§ **TASK DETAILS**
Restate word for word the section of the entries that opens at the line containing "Le THW, Technisches" and closes at the line containing "GALERII | Tänahommikusel", both lines kept, pictures dropped.

§ **DATA EXTRACTS**
####################
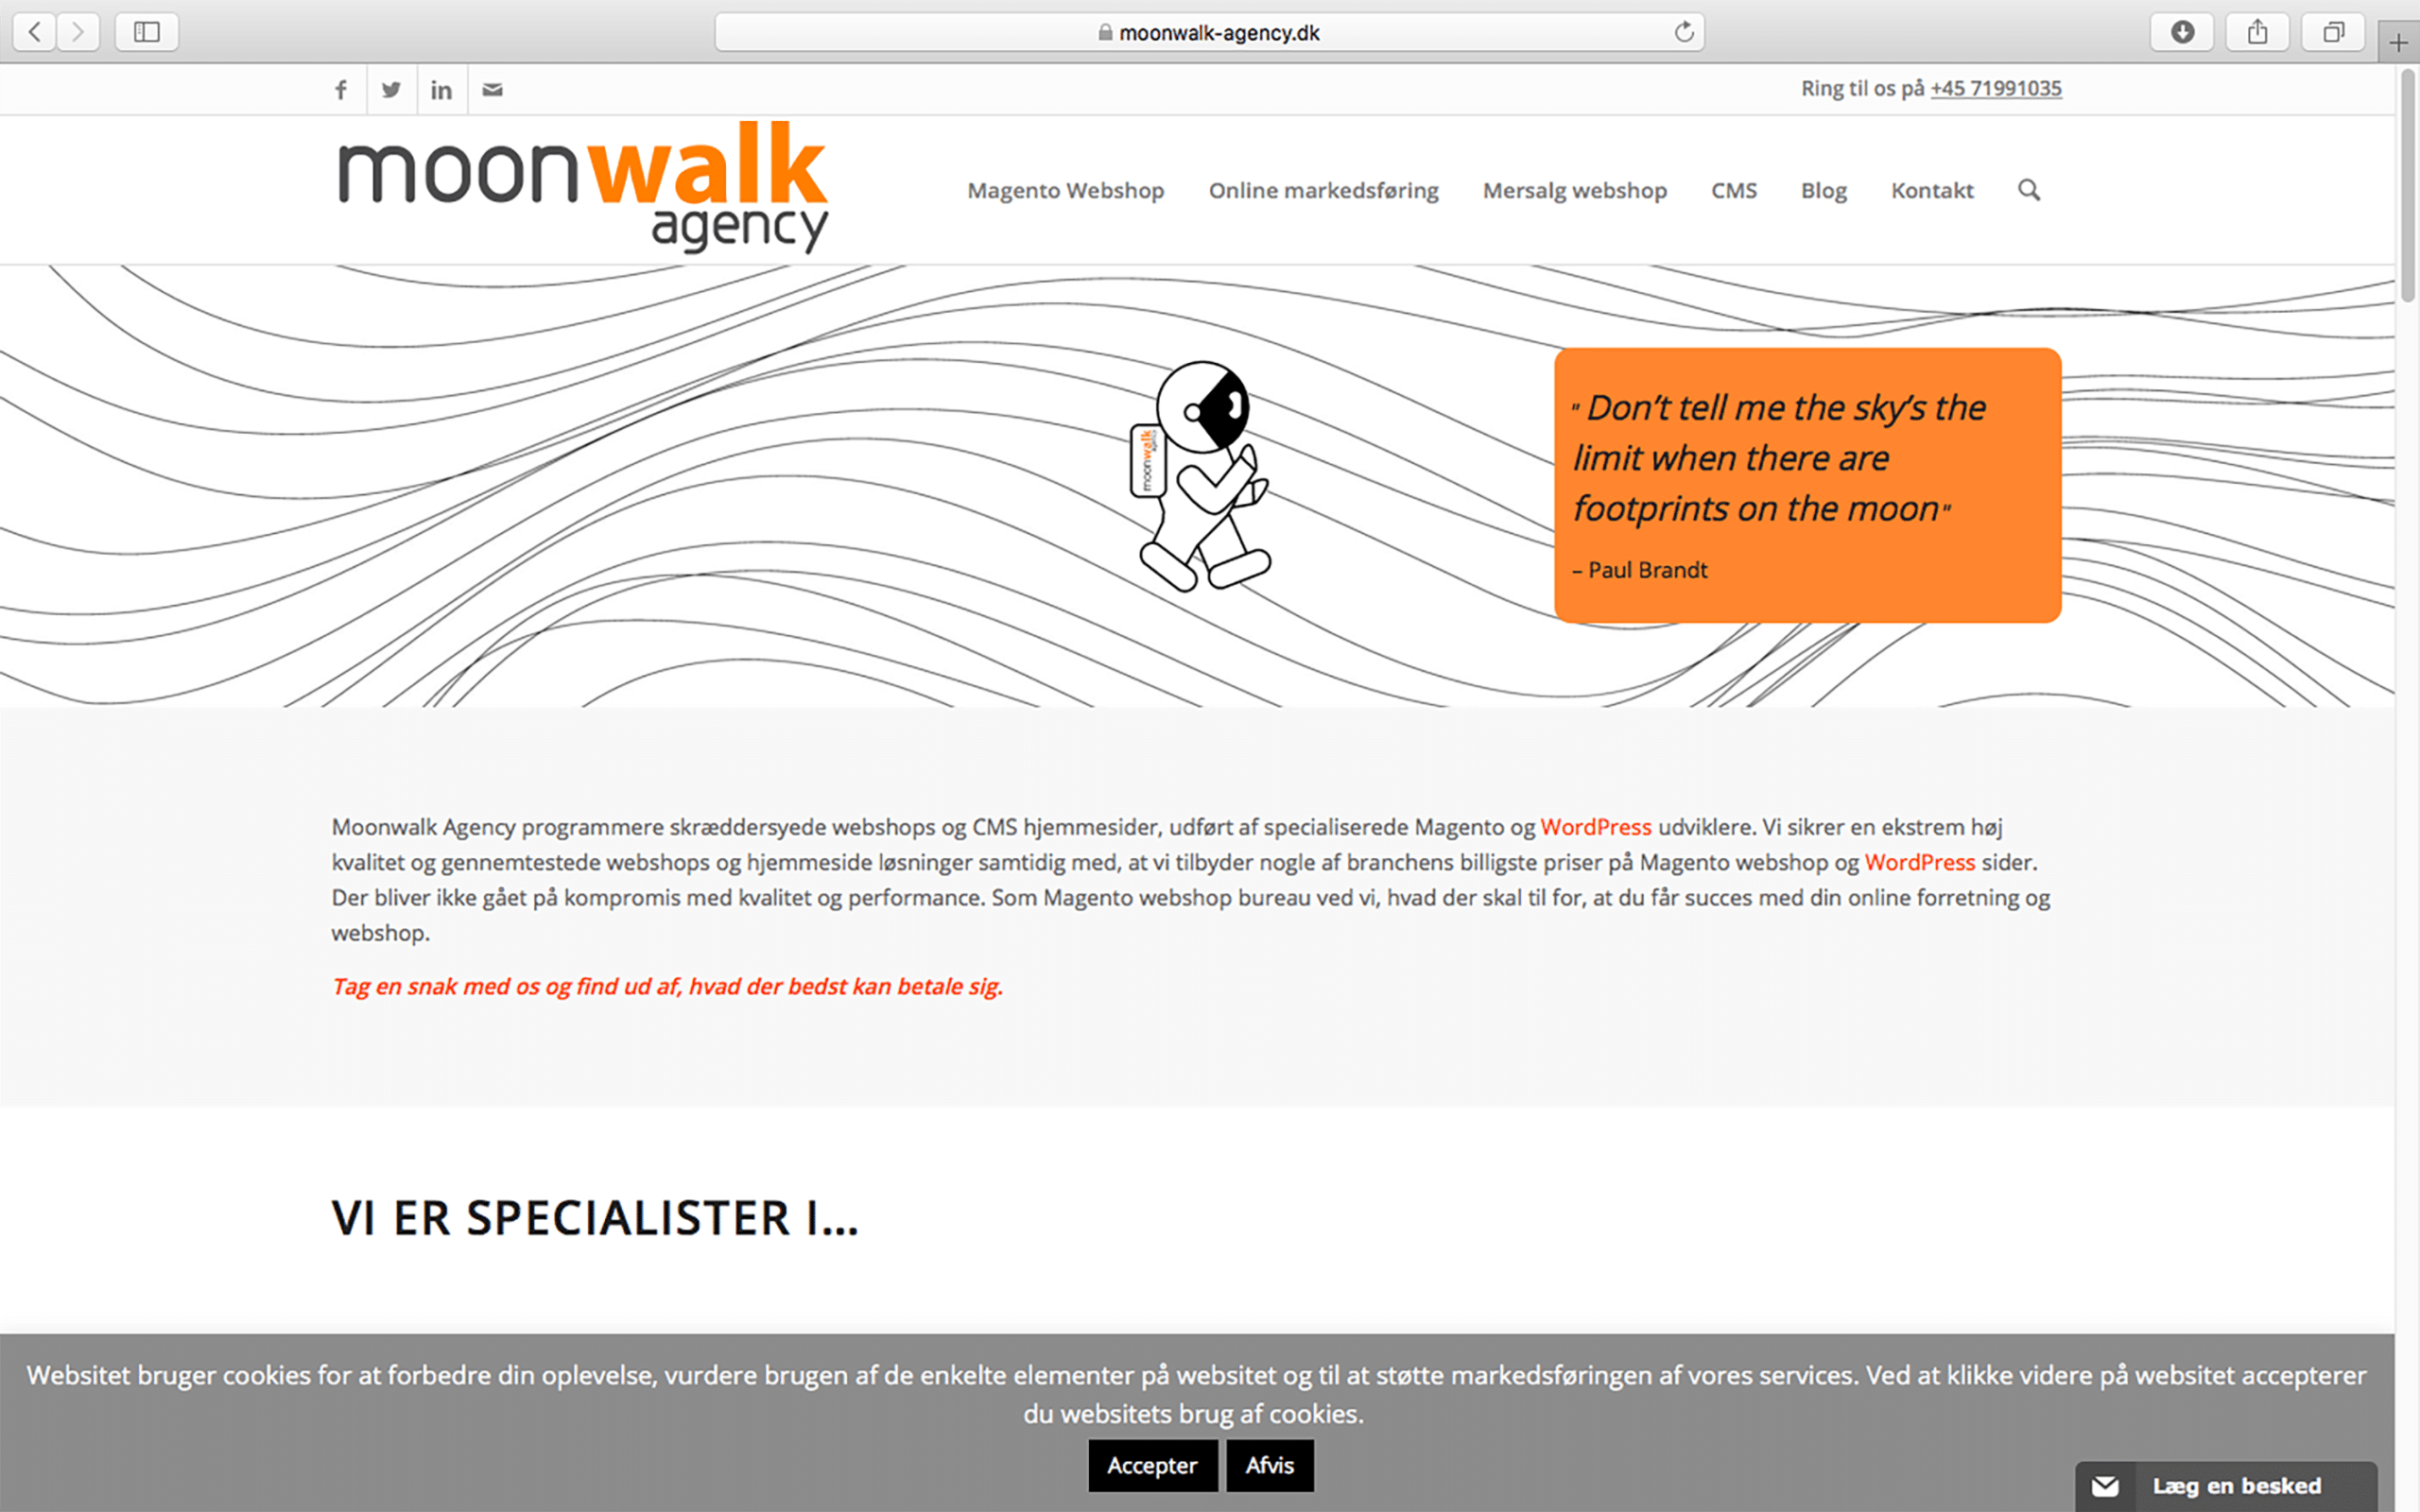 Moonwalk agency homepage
####################
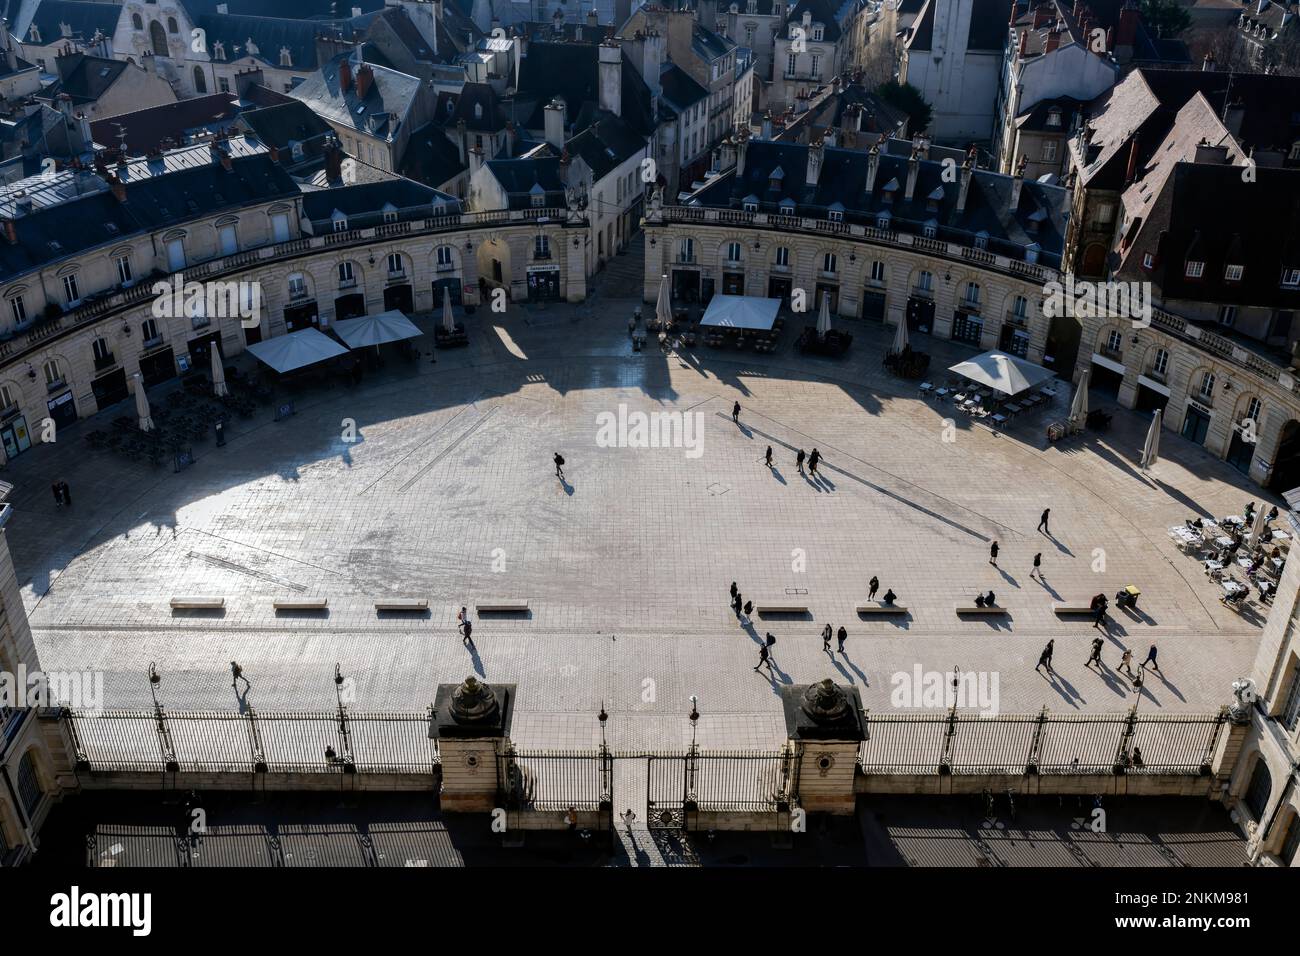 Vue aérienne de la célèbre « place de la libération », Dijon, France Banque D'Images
####################
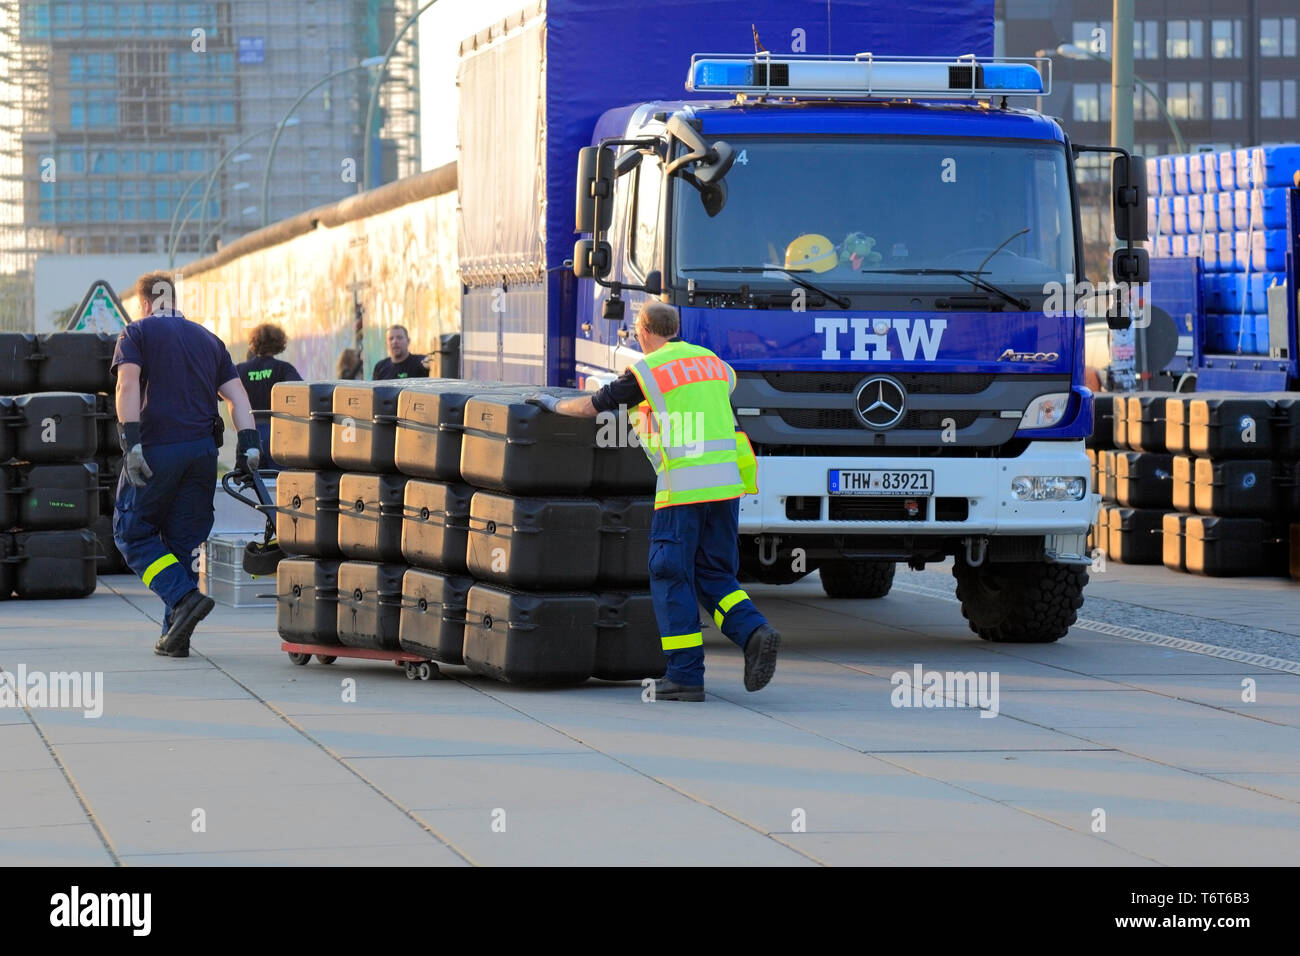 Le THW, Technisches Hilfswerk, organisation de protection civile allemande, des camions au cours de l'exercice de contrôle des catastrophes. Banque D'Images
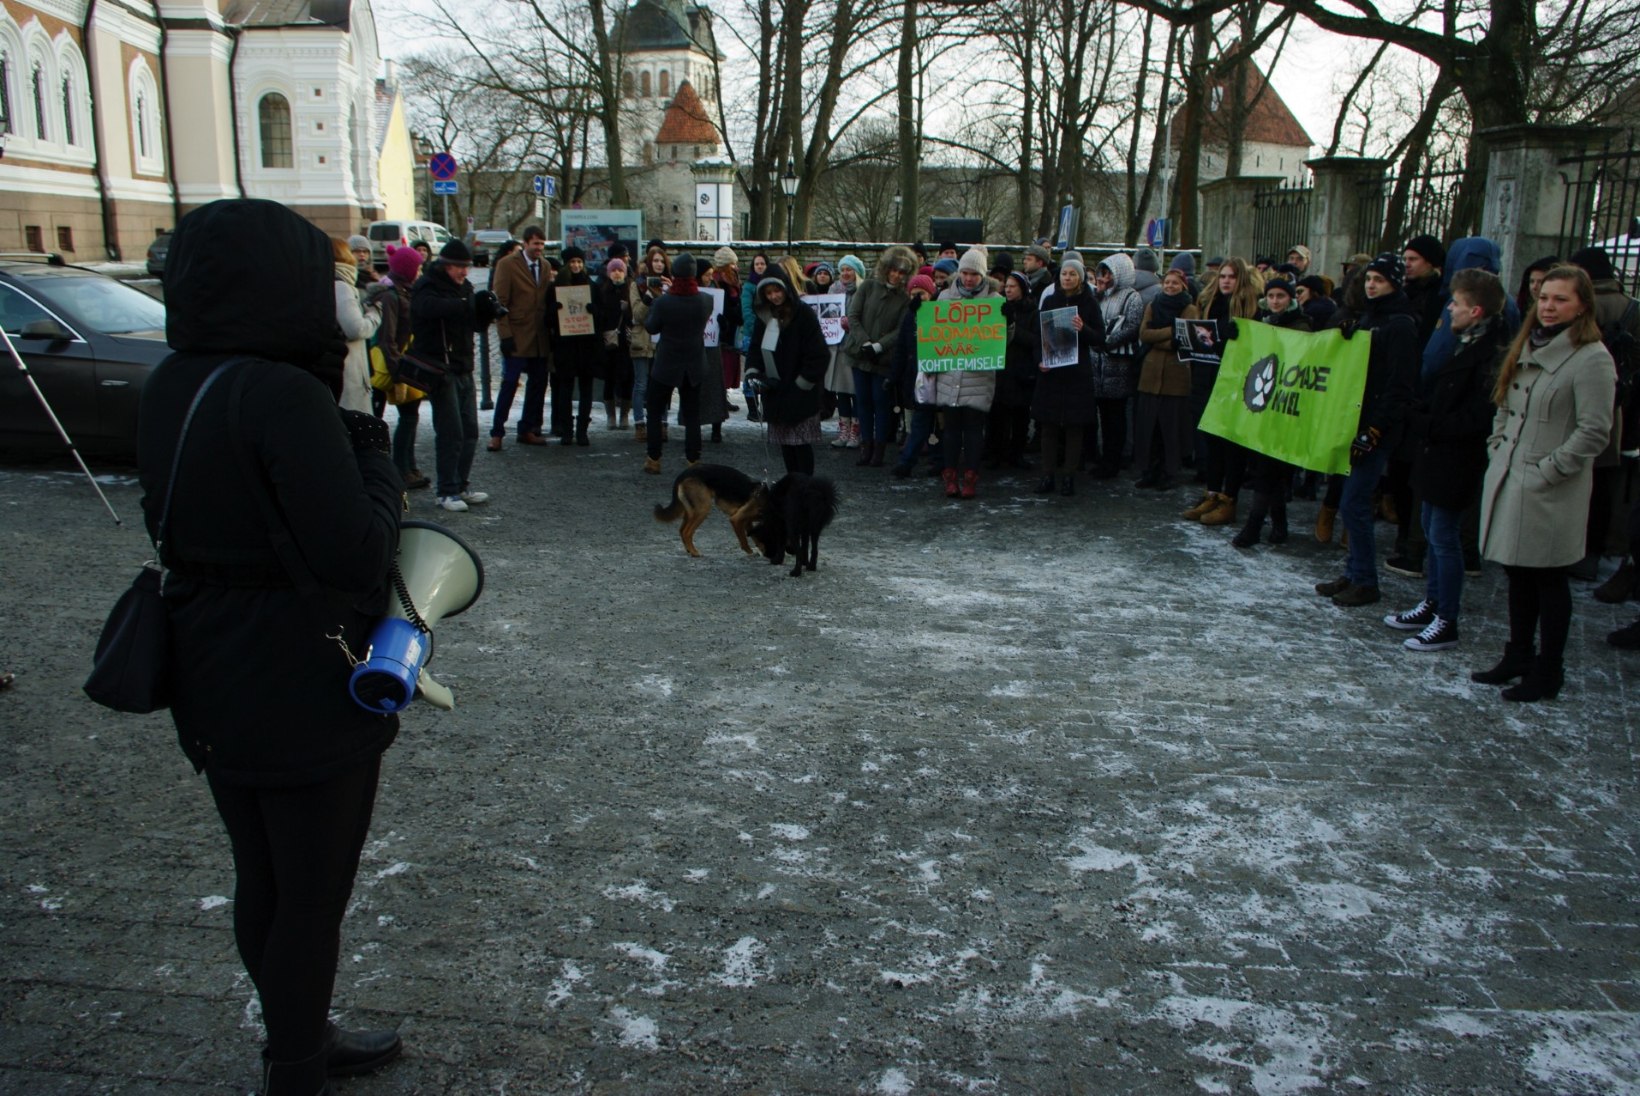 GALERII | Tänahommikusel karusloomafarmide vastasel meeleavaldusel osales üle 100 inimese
####################
§ **SOLVED PROBLEM**
 Le THW, Technisches Hilfswerk, organisation de protection civile allemande, des camions au cours de l'exercice de contrôle des catastrophes. Banque D'Images
 GALERII | Tänahommikusel karusloomafarmide vastasel meeleavaldusel osales üle 100 inimese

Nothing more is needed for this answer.